In the meantime, scientists are finding other uses for lab-grown gametes. Pharmaceutical researchers hope that abundant supplies of artificial eggs and sperm could make it easier to test whether new drugs affect fertility or cause heritable genetic damage.

Understanding the Science of Life

Creating eggs and sperm in the lab requires reprogramming normal body cells into induced pluripotent stem (iPS) cells, which can transform into nearly any type of tissue. These stem cells are then guided through the complex stages of gametogenesis, the natural process by which the body forms eggs and sperm.

In humans, egg development begins before birth. Immature eggs, called oocytes, lie dormant for years before resuming development at puberty. Sperm cells, by contrast, begin forming during adolescence and are produced continuously throughout adulthood.

Replicating this intricate process in a dish is extraordinarily challenging. “Each stage involves numerous environmental cues — mechanical, hormonal, and molecular,” explains Azim Surani, a developmental biologist at the University of Cambridge. “Even a small deviation can derail development.”

Lab-Built Gonads and 3D Organoids

To mimic natural reproductive environments, Hayashi’s team and others have engineered miniature ovary and testis-like structures. In one experiment, they cultivated fragments of artificial ovaries to nurture developing egg cells. In another, they used 3D-printed testicular tubules made from human cells to simulate sperm production.

At the University of British Columbia, urologist Ryan Flannigan is experimenting with similar 3D structures, while other labs employ microfluidic devices to mimic the natural flow of fluids inside the reproductive organs.

But survival remains a key issue. “Our testicular organoids die before gametes fully mature,” said Ina Dobrinski, a reproductive biologist at the University of Calgary. “In humans, egg and sperm maturation takes months — replicating that in the lab is incredibly hard.”

The Genetic Challenge: Perfecting Meiosis

Perhaps the biggest barrier lies in replicating meiosis — the special cell division that halves the number of chromosomes, ensuring genetic balance in offspring. Faulty meiosis can lead to chromosomal abnormalities and infertility.

Researchers such as Paula Cohen at Cornell University have spent a decade trying to coax immature human gametes to complete normal meiosis in the lab. “So far, it doesn’t work perfectly,” Cohen admits. “Some teams claim success, but we haven’t seen fully authentic meiosis outside the body.”

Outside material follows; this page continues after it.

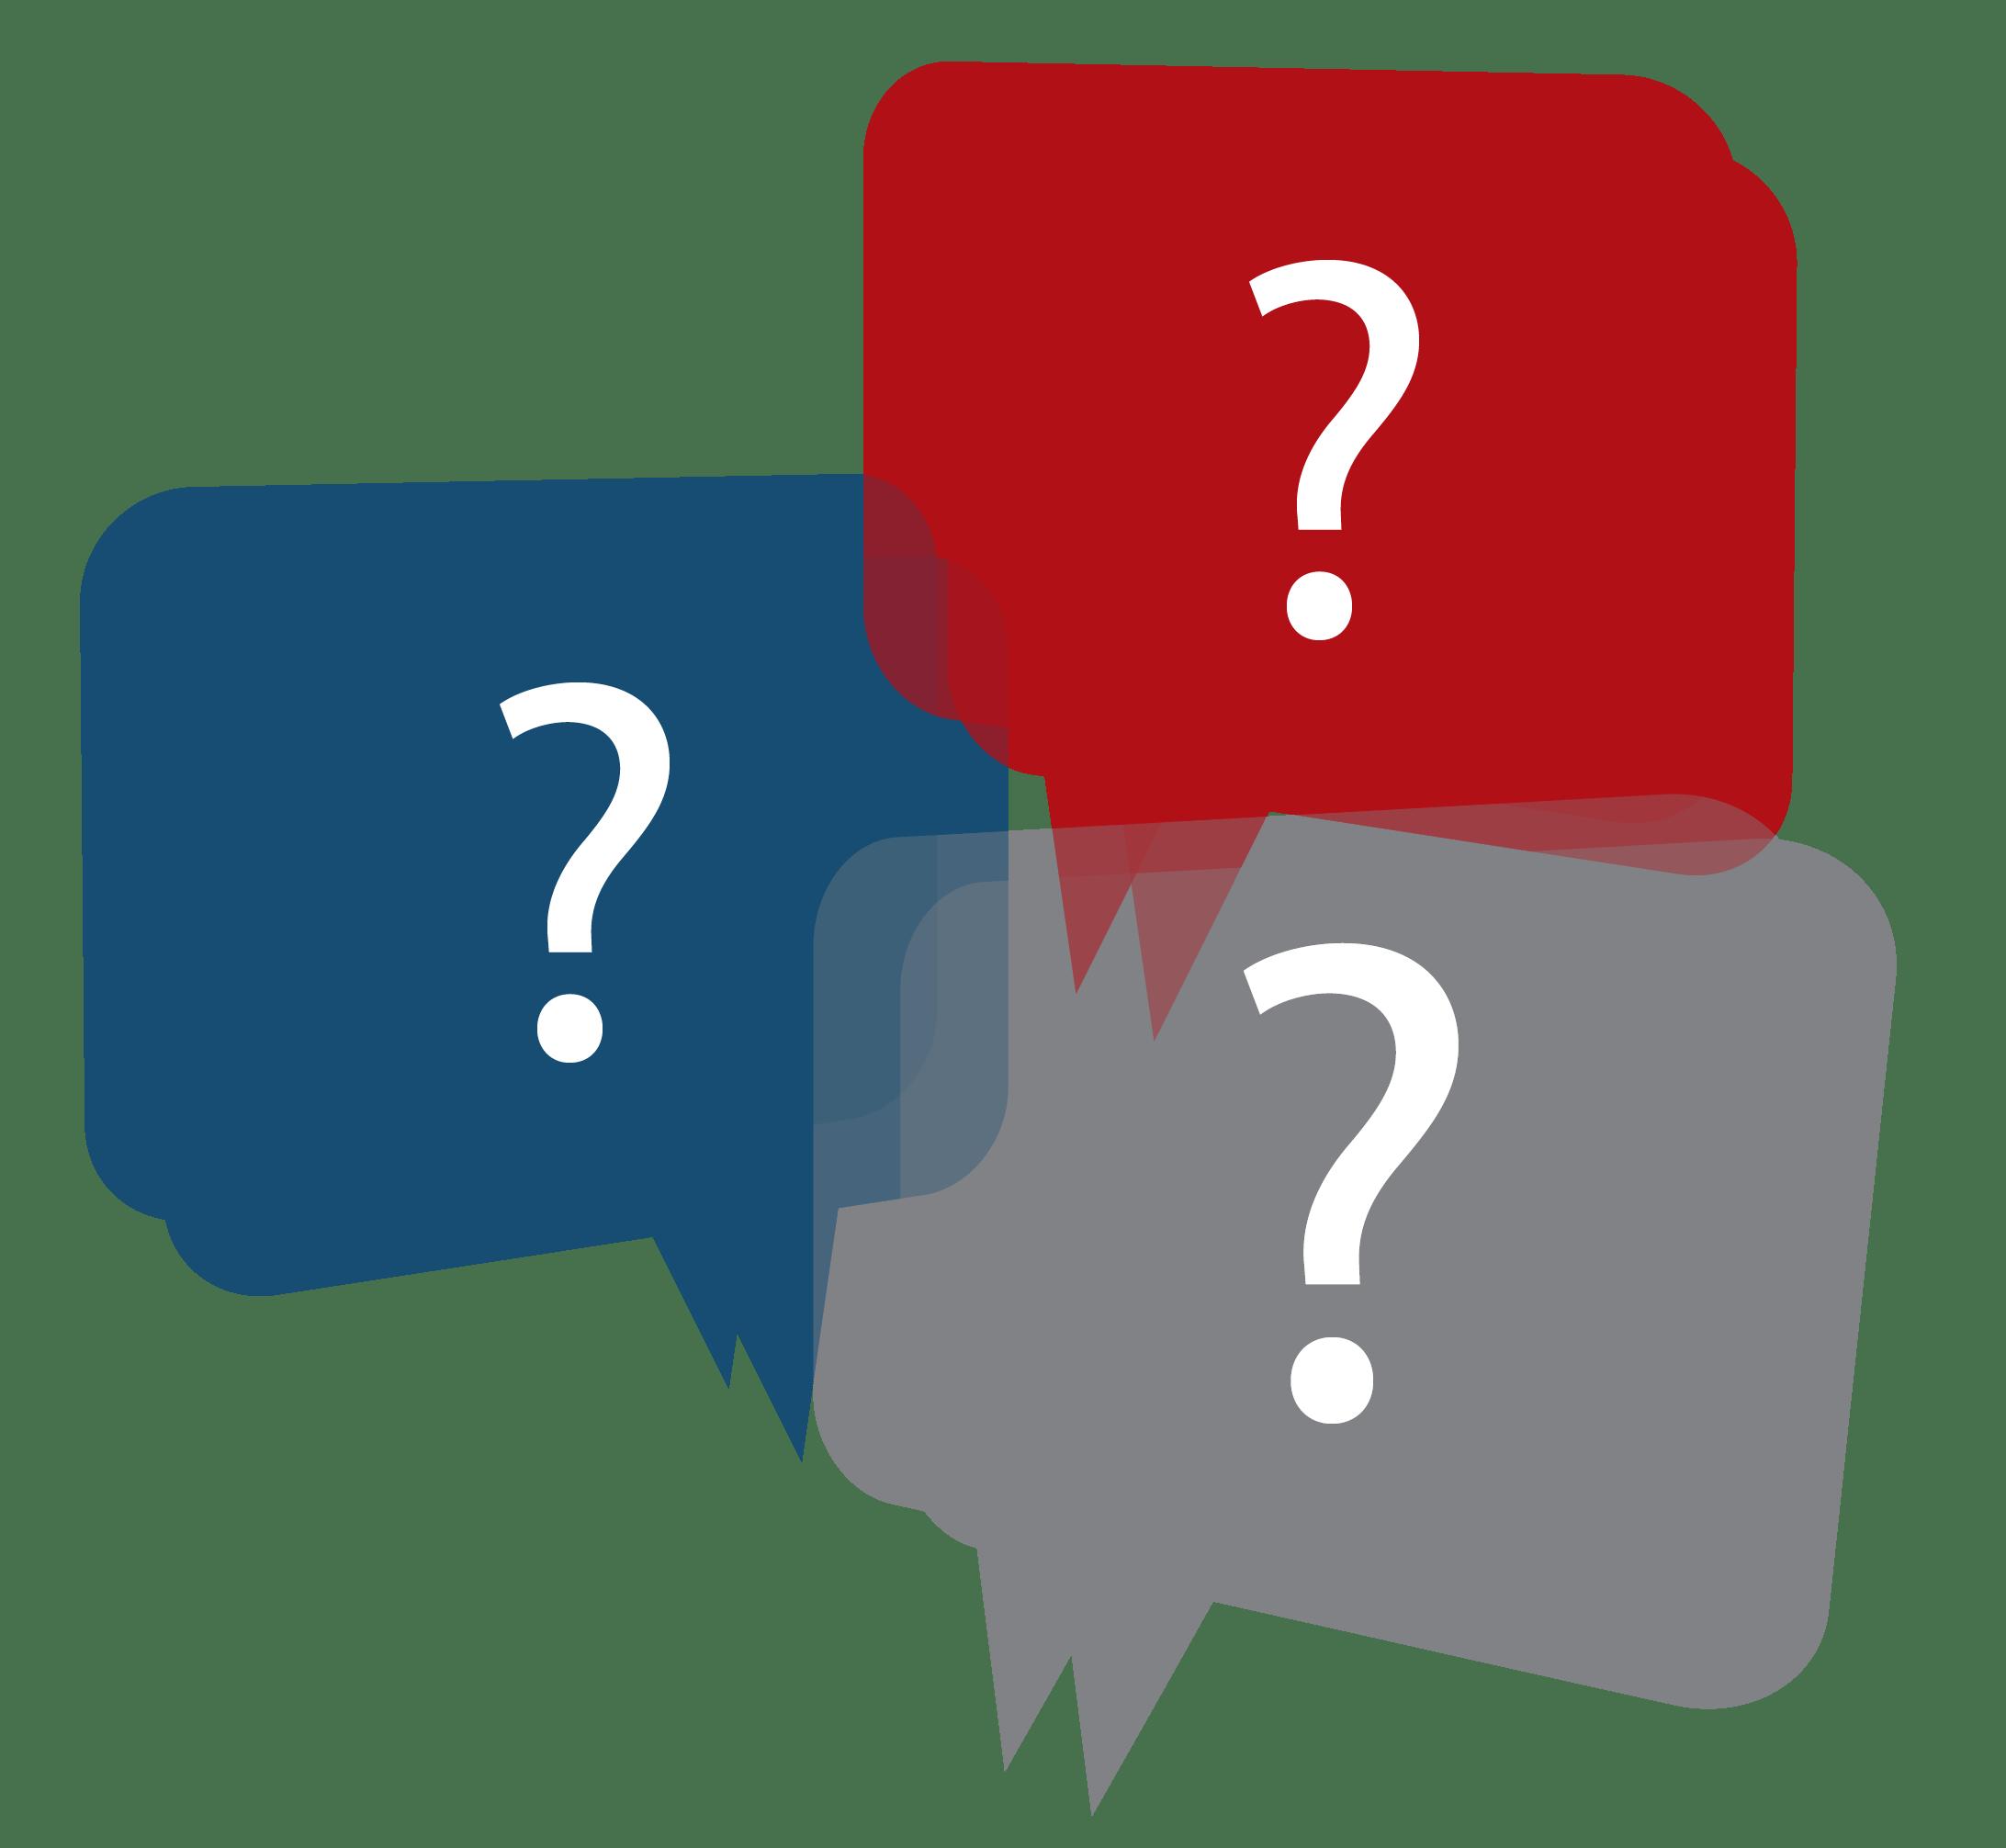 questions-01

Recent experiments have shown partial success. In one study, scientists replaced the nucleus of an immature egg with that of a skin cell and triggered a process mimicking meiosis, producing egg-like cells that could be fertilized. Yet most of the resulting embryos had chromosomal errors, underscoring how far the field has to go.

Ethics and Regulation

While many researchers focus on medical benefits, others are concerned about the potential misuse of the technology. If scientists can one day produce vast numbers of artificial gametes, it might enable embryo selection for desirable traits or even genetically modified children.

Governments and bioethics panels are already calling for strict regulations before human IVG becomes possible. “This field has enormous potential — both good and bad,” said Mitinori Saitou of Kyoto University. “We must proceed with scientific responsibility.”

The Future of Fertility

Hayashi believes that the first lab-grown human egg-like cells could appear within two years, but creating fully functional eggs capable of producing healthy embryos will take far longer — perhaps five to ten years.

“It’s not just about creating life in a dish,” he says. “It’s about understanding the essence of life itself.”

For now, his work remains a mix of scientific wonder and ethical complexity — a reminder that the line between what we can do and what we should do is growing ever thinner.